Vocabulary Determination

JTVAE requires generating a set of vocabulary which is specific to the compounds used for the train and test sets. The vocabulary is created by decomposing the list of SMILES strings into a list of unique functional units. This vocabulary is used in the encoding/decoding steps to describe the molecule and the pieces that make it up.

GPU/CPU: CPU
Executable location: JTVAE/CPU-P3/fast_jtnn/mol_tree.py
Example: LOGP-JTVAE-PAPER/Vocabulary/Slurm-Vocab-CPU

Preprocessing

The training set of SMILES strings are split and saved into a specified number of pickled files.

GPU/CPU: CPU
Executable location: JTVAE/CPU-P3/fast_molvae/preprocess.py
Example: LOGP-JTVAE-PAPER/Preprocess/Slurm-Preprocess-CPU

Training

Autoencoder/Model is trained using the preprocessed files of SMILES strings.

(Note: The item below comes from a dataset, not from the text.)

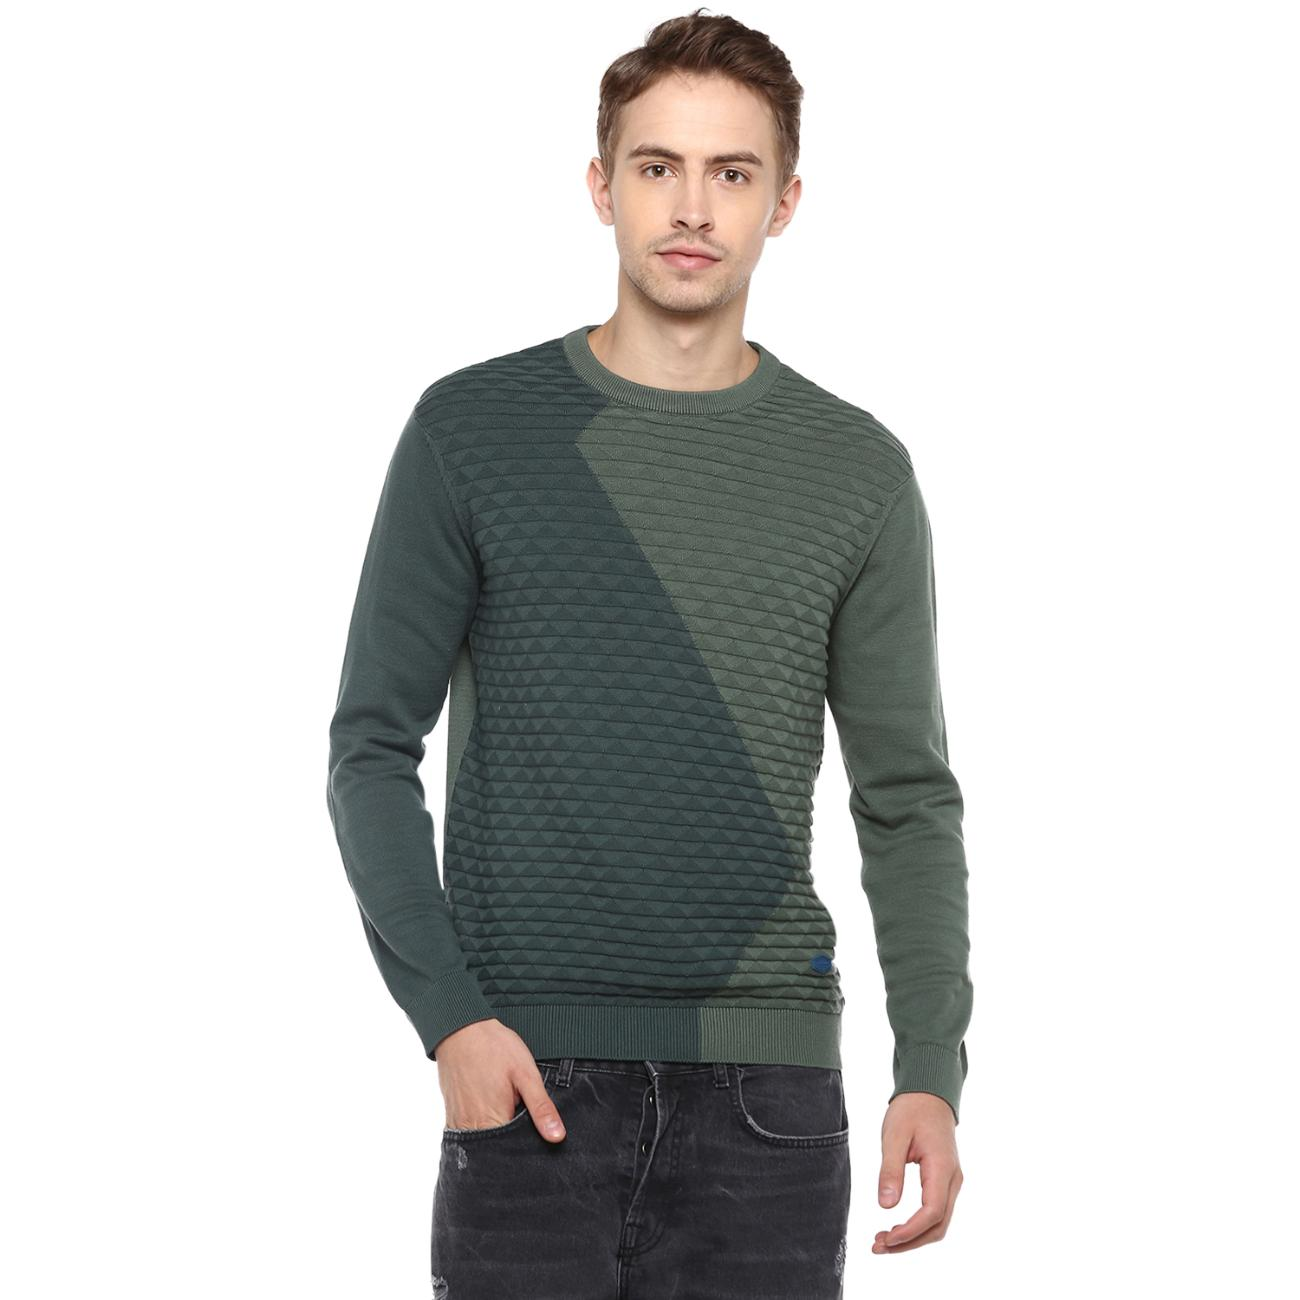 Buy Men's Green Colourblocked Sweater

GPU/CPU: GPU (one or more)
Executable location: JTVAE/GPU-P3/fast_molvae/vae_train_gpu.py
Example: LOGP-JTVAE-PAPER/Train/Slurm-Train-GPU

Reconstruction Accuracy

The test set of SMILES strings (must not include any SMILES strings used in the training step) is put through the trained autoencoder by encoding the SMILES string into a latent vector then immediately decoded back to a SMILES string. The performance of the trained model is reported as the number and percent of SMILES strings that were correctly reconstructed.

GPU/CPU: CPU
Executable location: JTVAE/CPU-P3/fast_molvae/EDF.py
Example: LOGP-JTVAE-PAPER/Recon-Eval/Slurm-EDF-CPU

How we improved upon the original JTVAE method

While we haven't modified the underlying method of JTVAE, we have greatly improved the code and have added some new tools. Below is a description of some of the improvements we have made:

- Upgraded the code from Python 2 to Python 3
- Enabled batch training
- Tested the efficiency of running each of the 4 training steps on both CPU and GPU
- Modified code to enable GPU for the training step
- Integrated Pytorch's Distributed Data Parallel (DDP) method into the training step to parallelize model training across more than one GPU to accelerate training and reduce memory overloading
- Added parameters to enable the user to further define the latent space
- Provided batch scripts for each of the steps

Issues

If you have any issues while using or installing this code, please create a new issue in the Issues tab of this github page. Someone will respond to the issue as soon as possible.

Feedback is always greatly appreciated! This code is still in development, changes will continue to be pushed and we have many plans for future development!

Open-Source Development

If you want to suggest changes to the code base, please fork from the main branch then create a pull request.

jtvae's People

Contributors

seantblack avatar

Recommend Projects

  • React photo React

    A declarative, efficient, and flexible JavaScript library for building user interfaces.

  • Vue.js photo Vue.js

    ๐Ÿ–– Vue.js is a progressive, incrementally-adoptable JavaScript framework for building UI on the web.

  • Typescript photo Typescript

    TypeScript is a superset of JavaScript that compiles to clean JavaScript output.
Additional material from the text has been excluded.